The debate over the peak oil theory revved up Thursday after Cambridge Energy Research Associates (CERA) and IHS Inc. said their indepth analysis puts the aggregate global decline rate at 4.5%, or only about half the 8% rate that many industry pundits have pegged.
The analysis did not include natural gas fields, but CERA is working on a companion study on North America, CERA Chairman Daniel Yergin said.
The CERA and IHS report, “Finding the Critical Numbers” used the IHS global database to analyze 811 separate oilfields, which comprise about 57% of worldwide oil production.
“Some of the more gloomy, pessimistic ‘peak oil’ views about the future of oil supplies that are current today result from an assumption of high decline rates,” said the report’s author, Peter M. Jackson, CERA oil industry activity director. “This new analysis provides the basis for more confidence about the future availability of oil.”
Yergin said CERA decided to take on the study — and controversy — because “this issue of decline curves looms quite large in the supply and demand curve, and we felt…it was our sense that a lot of numbers had been thrown around.” Jackson’s six-month study was to “actually ascertain what is the global oil decline number.” IHS has a database of information on about 24,000 different fields in the world.
“The absence of definitive, comprehensive analysis of production timelines and decline rates has led to widely differing estimates of the potential future availability of oil…an information vacuum that has contributed to the ‘peak oil’ theory of future liquids production capacity,” Jackson said. “We hope that this study will contribute to a more informed understanding of the issues, both below ground and above ground.”
Jackson explained that “getting this right, and understanding the underlying dynamics, are key because the amount of new oil supply that will come onstream to satisfy present and future oil demand depends to a large extent on a comprehensive understanding of annual decline rates of existing fields.”
Decline rates are a function of reservoir physics and investment strategies, and Jackson noted that “there is a general historical trend toward lower decline rates in recent years, which may be due to better reservoir management practices and the impact of new technology.
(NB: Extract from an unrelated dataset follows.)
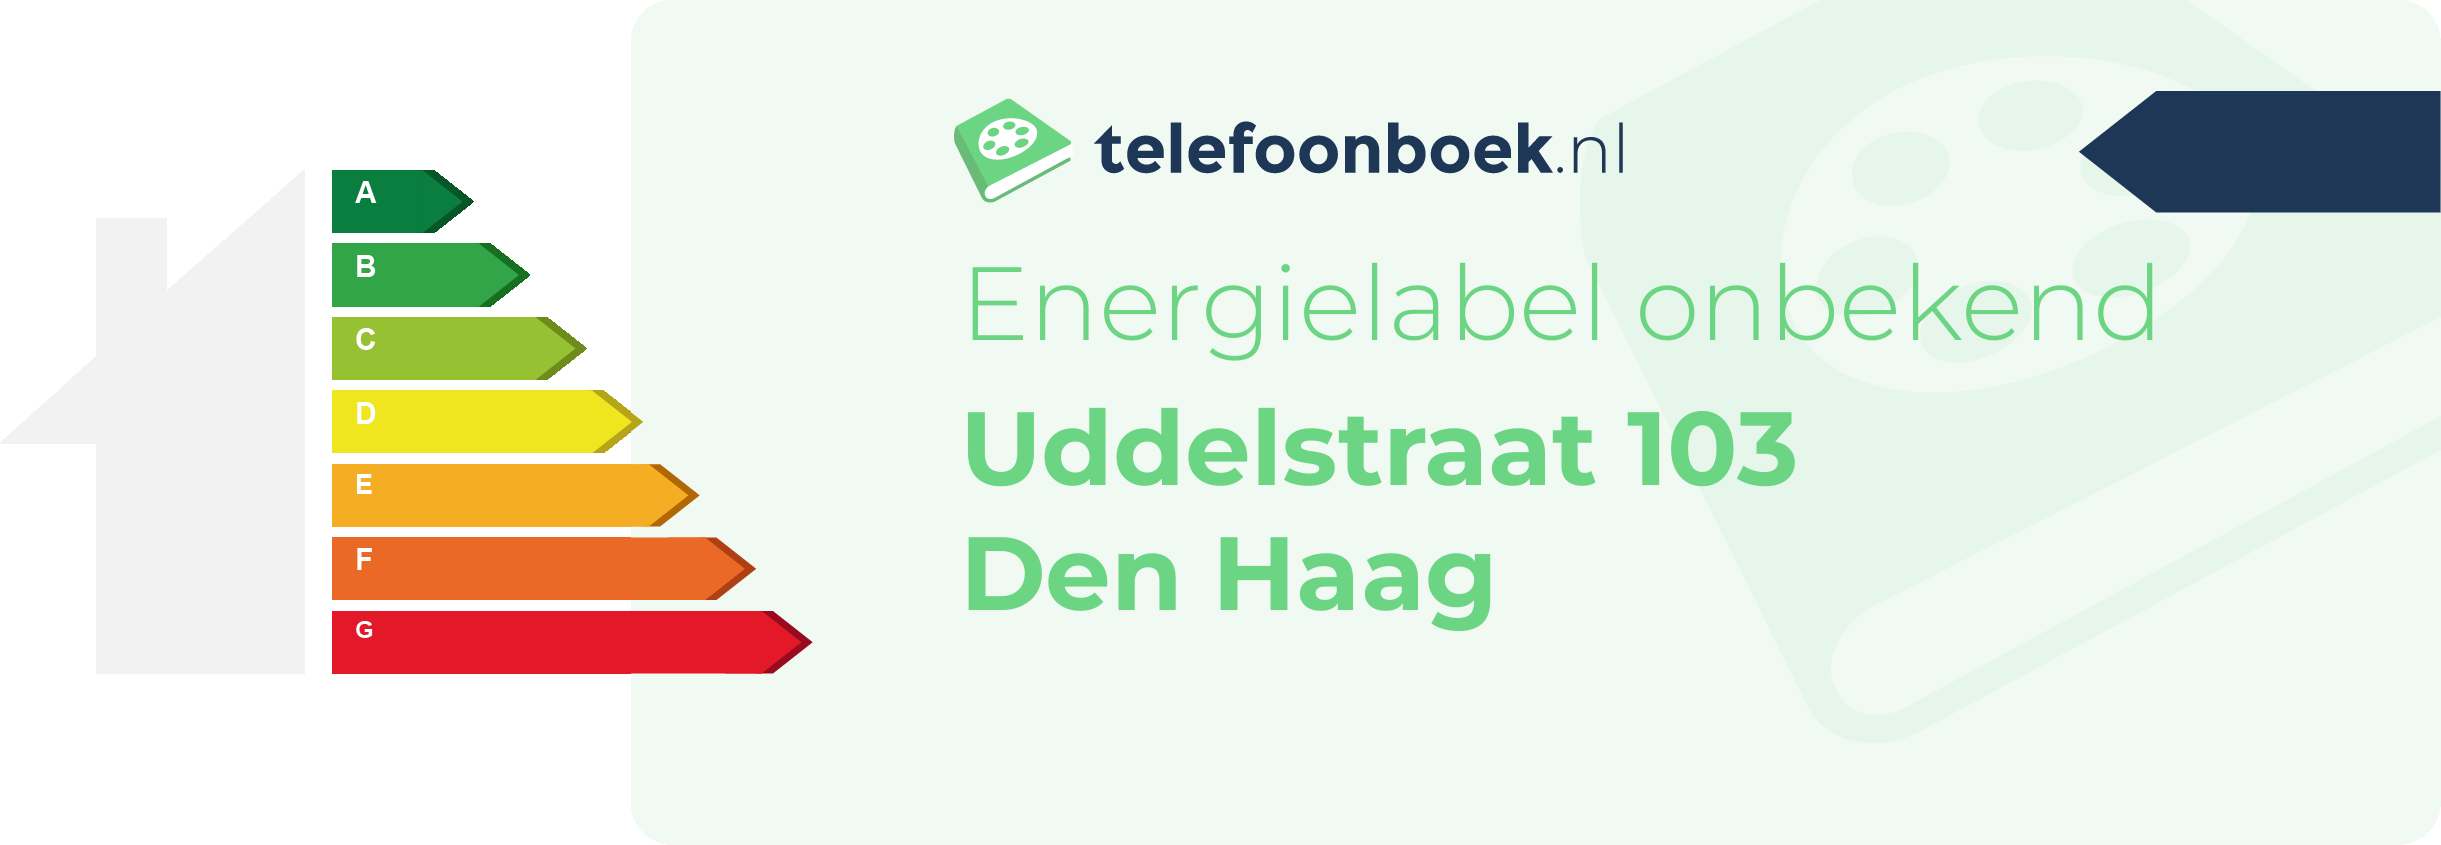 Energielabel Uddelstraat 103 Den Haag

In addition, because reservoir physics is only one of the key drivers, we would not expect to see a very rapid change in average decline rates in the future without a step change in technology or field development strategies.”
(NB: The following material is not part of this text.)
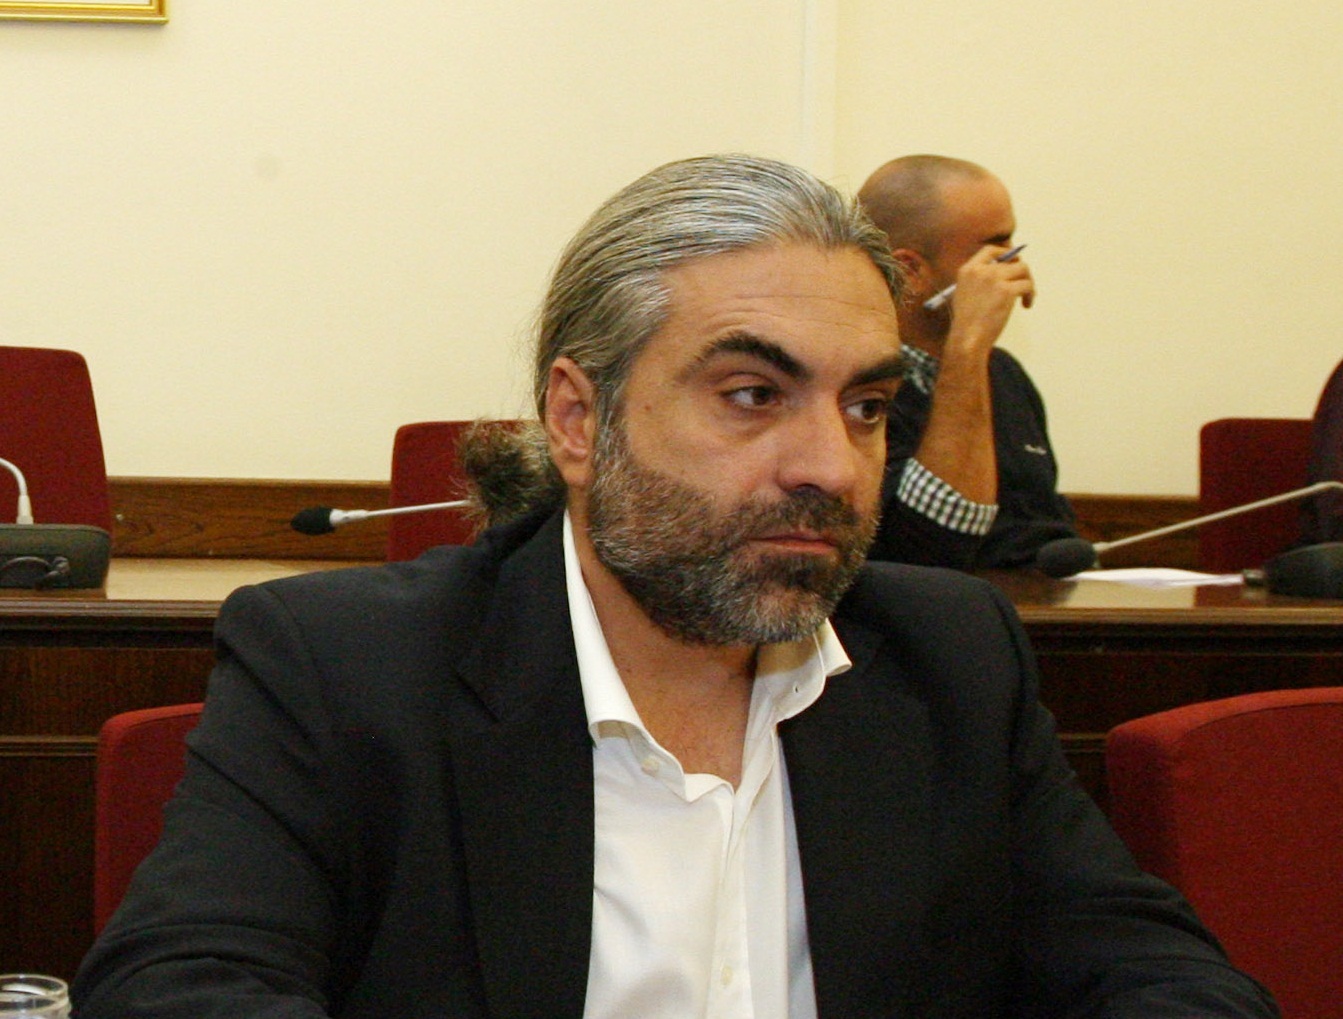 Τα ”βρόντηξε” και ανεξαρτητοποιήθηκε ο βουλευτής της Χρυσής Αυγής Χ. Αλεξόπουλος

Where some analysts have pegged the decline rate “may be a function of the generally more rapid decline rates observed in small fields — increasingly being developed in mature non-OPEC countries — and the rise of deepwater projects, which tend to flow at high rates as a requirement of commerciality, but which also decline rapidly,” Jackson said. His study indicated only 41% of production is from fields in the database that are “beyond the plateau stage” and into the decline phase of their production lives.
Jackson noted that annual field decline rates may not be increasing, “but as a result of increased investment, improved planning and technology,” many fields may have their output prolonged, and “field life is very often longer than originally projected.” This finding compares with similar findings on North American unconventional gas fields, illustrated by studies indicating well output increases instead of declines in the Barnett Shale (see Daily GPI, Nov. 27, 2007).
According to the study, individual offshore fields are declining at a 10 % annual rate compared with 6% for onshore fields, and deepwater fields declined at 18% annually compared with 10% for shallow-water fields. The CERA analysis also found significantly different production patterns in large fields versus small fields. Typically, large fields build up over an average of six years, produce on plateau for seven years at 93% of their maximum annual production rate, and decline on average for more than 20 years. In contrast, small fields build up over an average of three years, produce on plateau for five years, and decline on average over more than 14 years.
Because large fields with more than 300 million bbl of originally present reserves represent more than 95% of the reserves and 86% of the production in the study data set, their lower decline rate and higher production level through extended decline periods “is likely to make a major contribution to overall future liquids production capacity,” the study noted. “It is likely, according to CERA’s analysis, that improved understanding of giant fields’ complexities and reservoir models over the course of long-life cycles has allowed late field expansion that has arrested decline and, in many cases, allowed production to increase significantly.”
The CERA study also highlighted other factors, in addition to field size, that influence post-plateau decline rates, which include reservoir characteristics, development location, regional setting and operational tactics. OPEC fields generally decline at a slower rate than non-OPEC fields, possibly in relation to basic geological differences, the relative size of OPEC fields, their locations, and perhaps production constraints set by the organization, CERA noted. Also, limestone reservoirs (more prevalent in OPEC) tend to deplete more slowly than sandstone reservoirs. Offshore projects, prevalent in non-OPEC regions, decline more rapidly than onshore projects.
“The results of this new study reinforce CERA’s existing bottom-up global liquids capacity model showing that liquids capacity of around 91 million bbl/d in 2007 could climb to 112 million bbl/d by 2017,” said Jackson. “This outlook is supported by a key conclusion of this study: there is no evidence that oilfield decline rates will increase suddenly. It is important, though, to continue to research and understand evolving decline trends and further develop insight into the declines.”